Did you try L'Hopitals rule for the first one. I got (3 - (3^.5)/6)

And for the second one sorry, Use the rules of logrithms to break it up. as I did below. (I will leave out the limit statement to make it easier to read.)

ln[(x+1)^((1+2x)/x)/(x^2+2x+1)]

ln[(x+1)^((1+2x)/x)] - ln(x^2+2x+1)

((1+2x)/x)ln(x+1) - ln(x^2+2x+1)

Then apply the limit statement to both parts of the problem sepetatly, and the second part ( the ln(x^2+2x+1)) will be solved. For the first part you will an awnser of 0/0, so apply L'Hopitals rule and you will get an awnser. I got 0 as my final awnser.

[Del Murder]

We got different answers. There is an easier way to factor the second one.

Hint: x^2+2x+1 = (x+1)^2

[qwertysaur]

I did not see that. But I redid my work and found an error, so my awnser of 0 was wrong. It came out to be 1.

And just a reminder for L'Hopitals rule, you must have a quotient of two functions, and whe applying the limit, you must end up with an indeterminate form. (such as 0/0)

[Shoeberto]

We used L'Hospital's rule last year, but technically since for this assignment "we" don't know derivatives I'm guessing that's not how much of the class will go about it. But I'll try those out whenever I've gotten up from my nap.

[rubah]

I realized just now that I typed that square root one into my calculator wrong, so I was looking at the wrong graph. It's actually asymptotic as x->3, so the limit doesn't exist. My bad!

[Doomie]

I know I should know this because I've done it all already, but logs were never my strong point. But I think I can vaguely remember a log rule that states that ln(x)^y = yln(x). I'm pretty sure you could use that here. You're also gonna need to clean things up a bit. I'm positive there's some sort of factoring or grouping you could do somewhere, but am way to tired to do it. Besides, I have my own homework to do. >=]

[NeoTifa]

Have you ever heard of L Hopital's rule? Basically if you have a limit of a ratio you can take the derivative of the top and bottom pieces separately and it it will still result in the same limit.

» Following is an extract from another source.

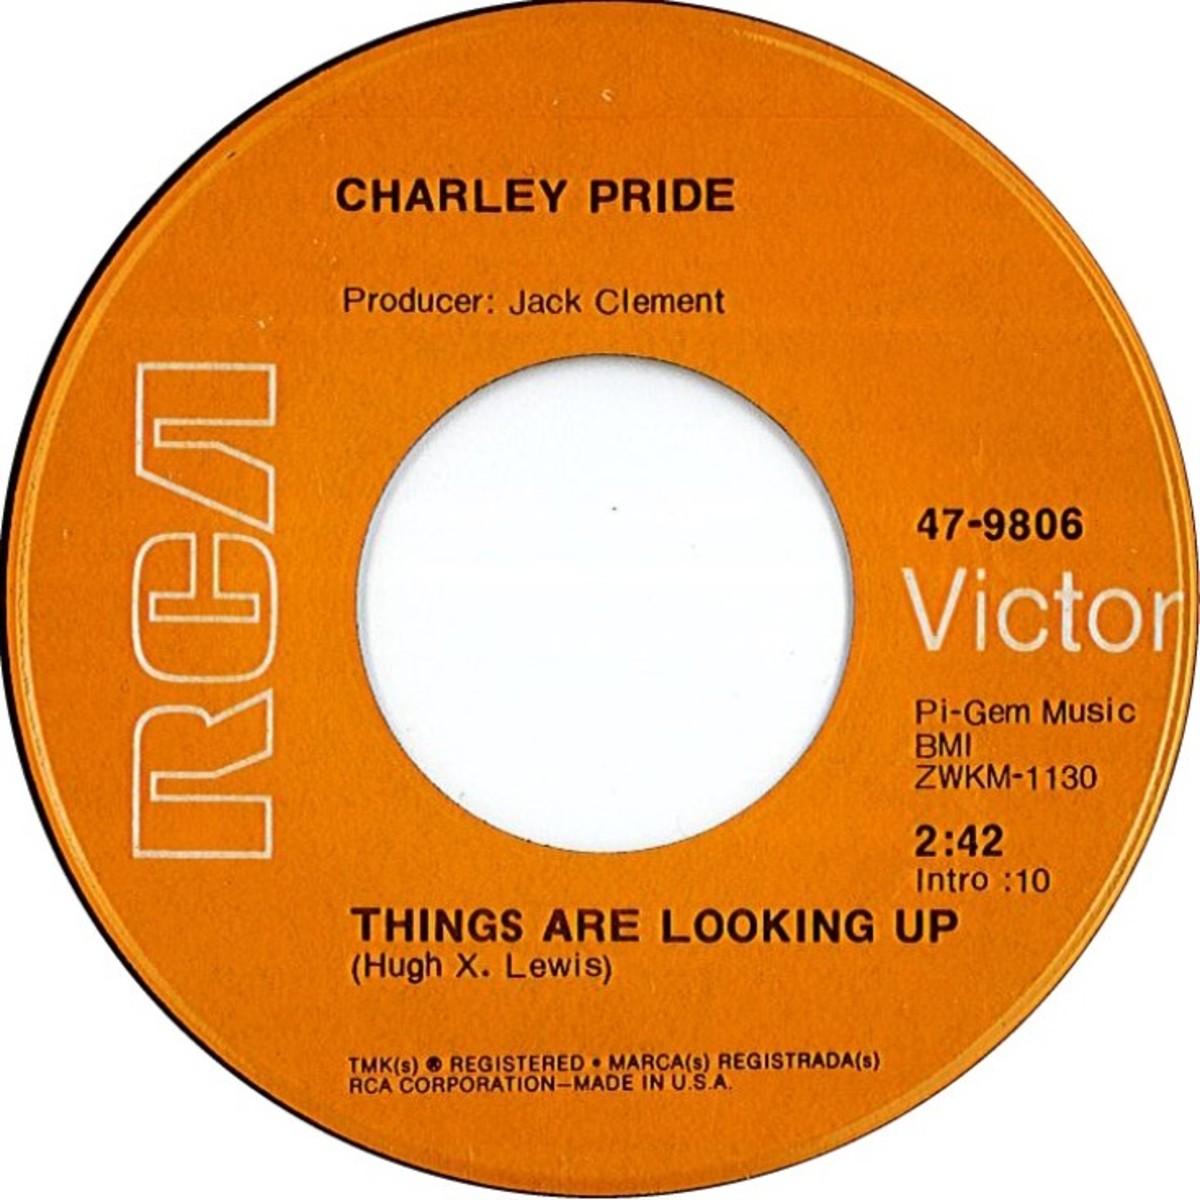 Charley flip side

For your first one you have:

derivative of top: 1/2*(x-2)^(-1/2) + 1/2*(6-x)^(-1/2)
derivative of bottom: 1

limit x->3 = 1/2*(3-2)^(-1/2) + 1/2*(6-3)^(-1/2)
= 1/2*(1) + 1/2*(1/sqrt(3))
= 1/2 + 1/(2*sqrt(3))

I'm not going to do the second one because it's your homework, and math is a bitch to type out.

*sob* can you help me w/ derivatives? i totally suck! i have like a 35% in calc ;_;

[qwertysaur]

Have you ever heard of L Hopital's rule? Basically if you have a limit of a ratio you can take the derivative of the top and bottom pieces separately and it it will still result in the same limit.

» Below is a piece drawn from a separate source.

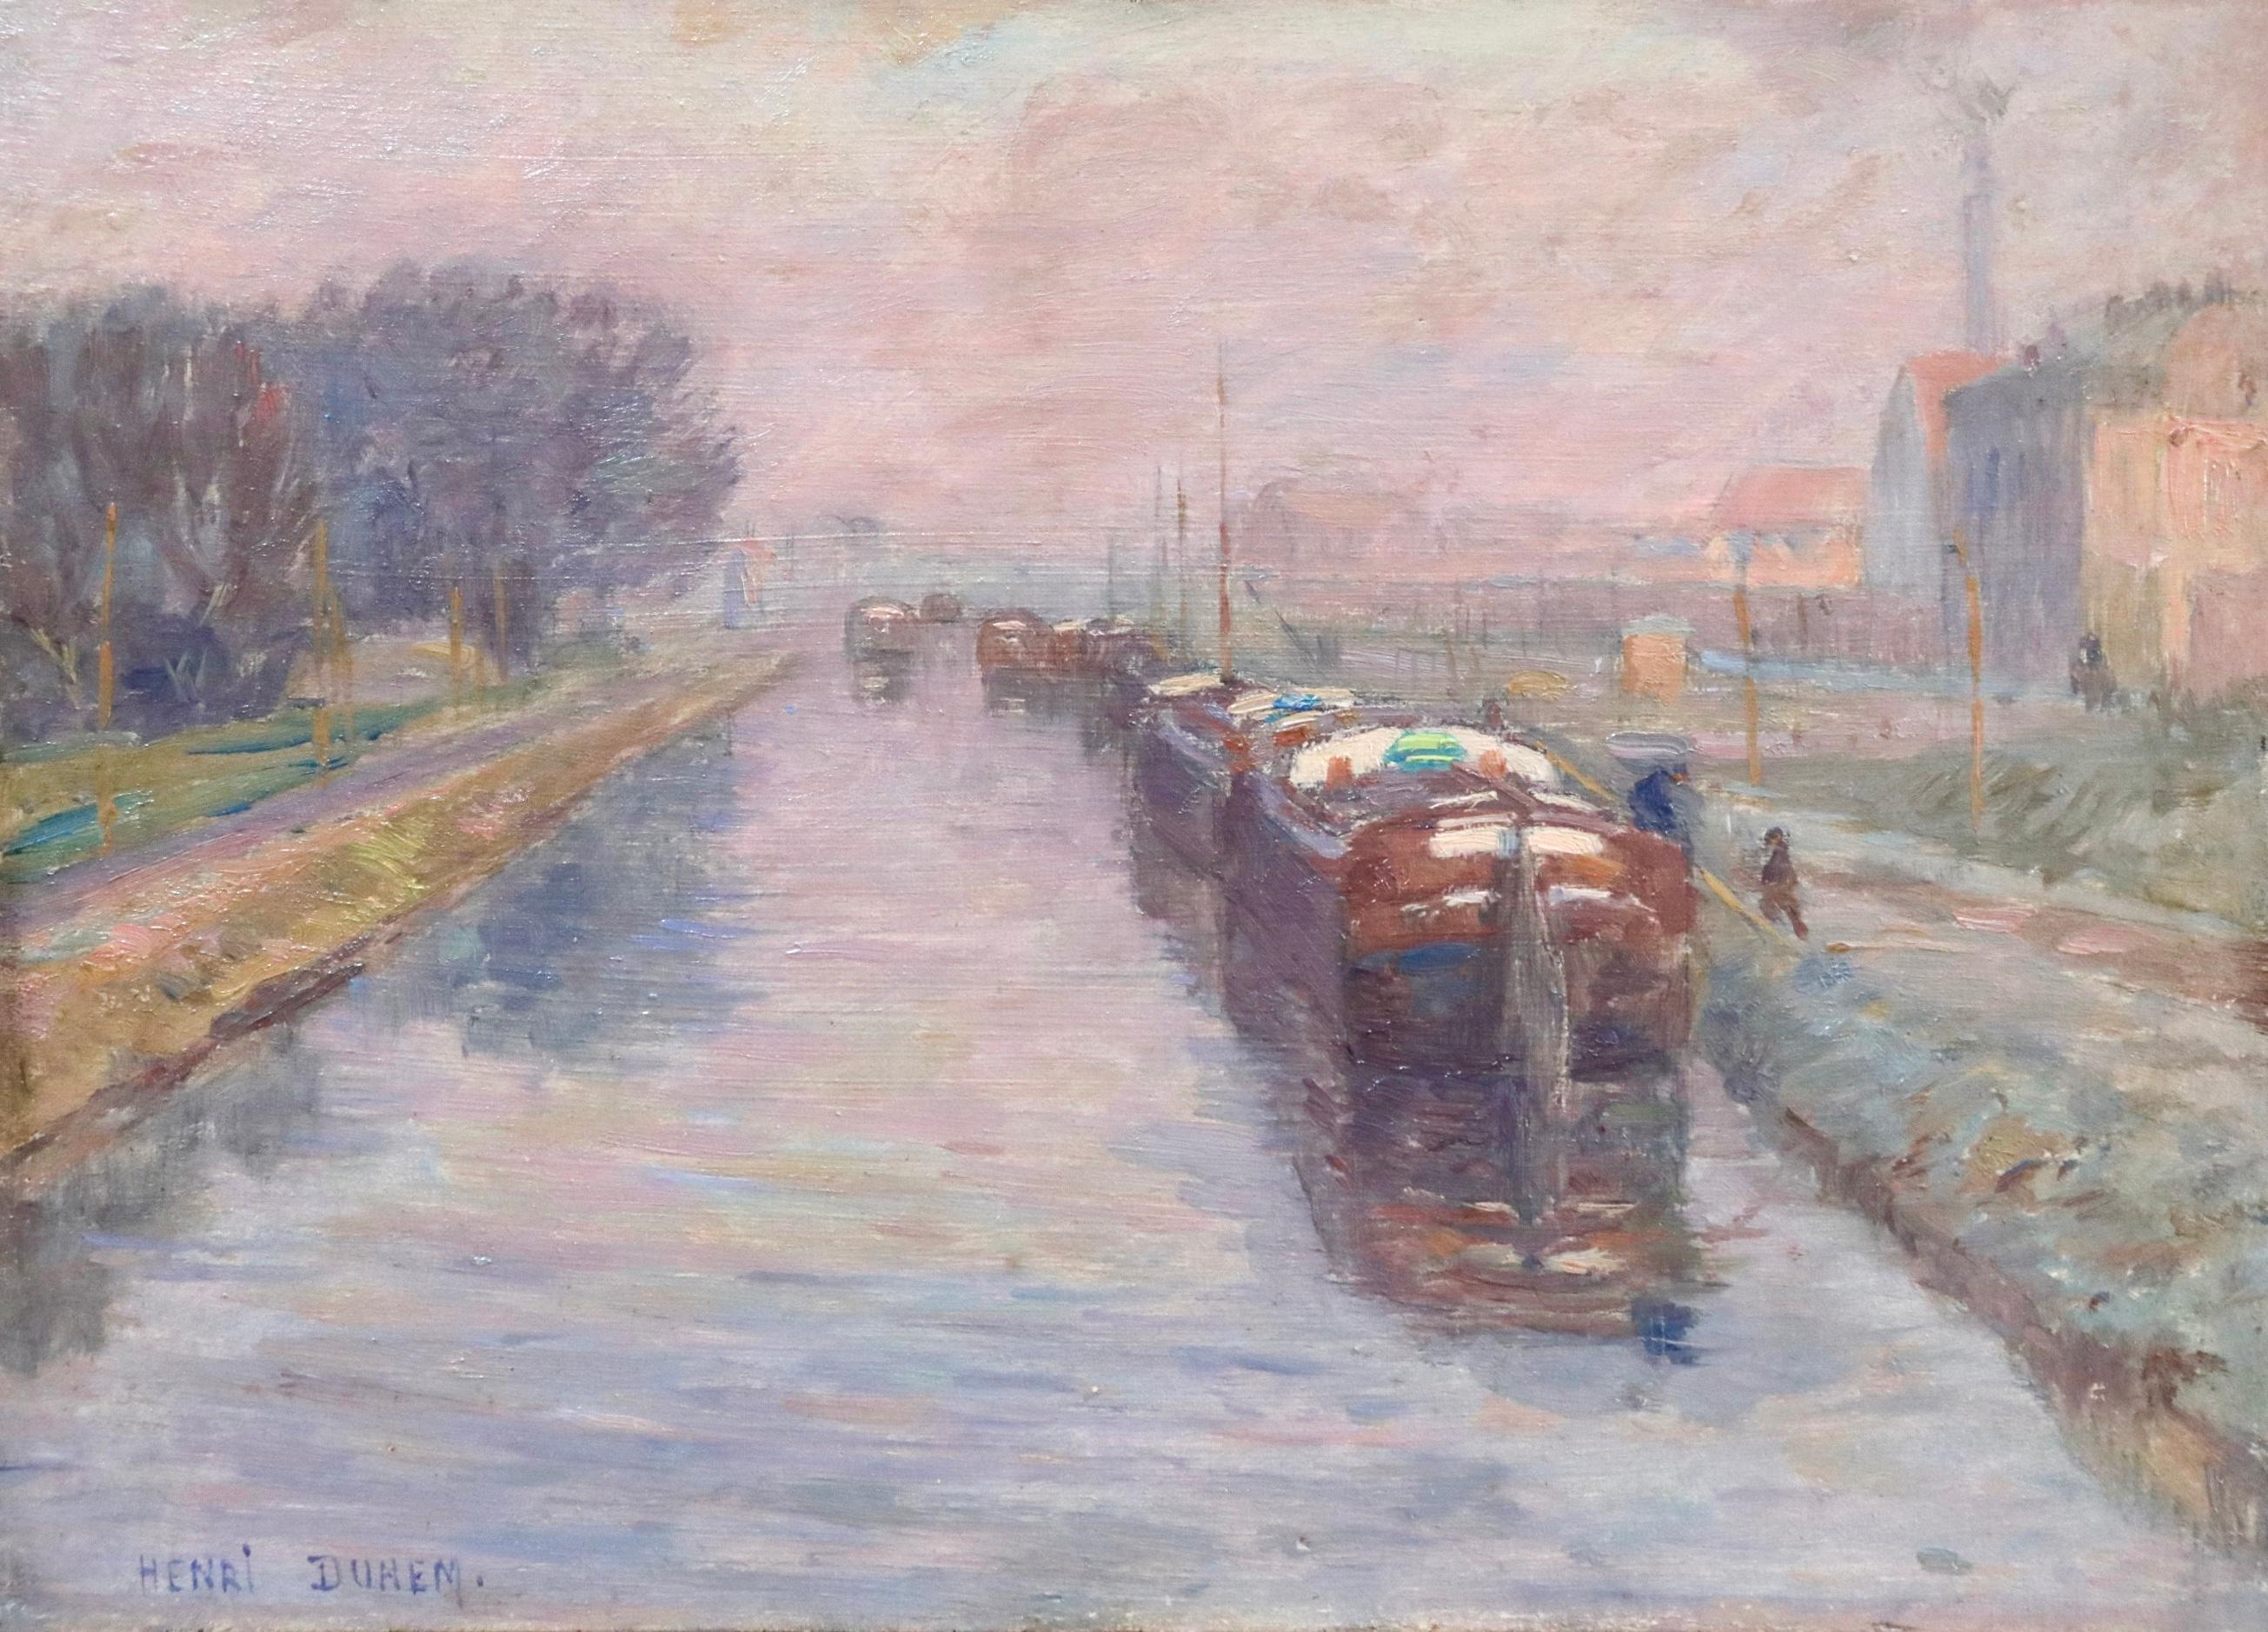 Canal à Douai - Hiver - 19th Century Oil, Barges in Winter Landscape by H Duhem

For your first one you have:

derivative of top: 1/2*(x-2)^(-1/2) + 1/2*(6-x)^(-1/2)
derivative of bottom: 1

limit x->3 = 1/2*(3-2)^(-1/2) + 1/2*(6-3)^(-1/2)
= 1/2*(1) + 1/2*(1/sqrt(3))
= 1/2 + 1/(2*sqrt(3))

I'm not going to do the second one because it's your homework, and math is a bitch to type out.

*sob* can you help me w/ derivatives? i totally suck! i have like a 35% in calc ;_;

Sure, just start a new thread and people will awnser your questions.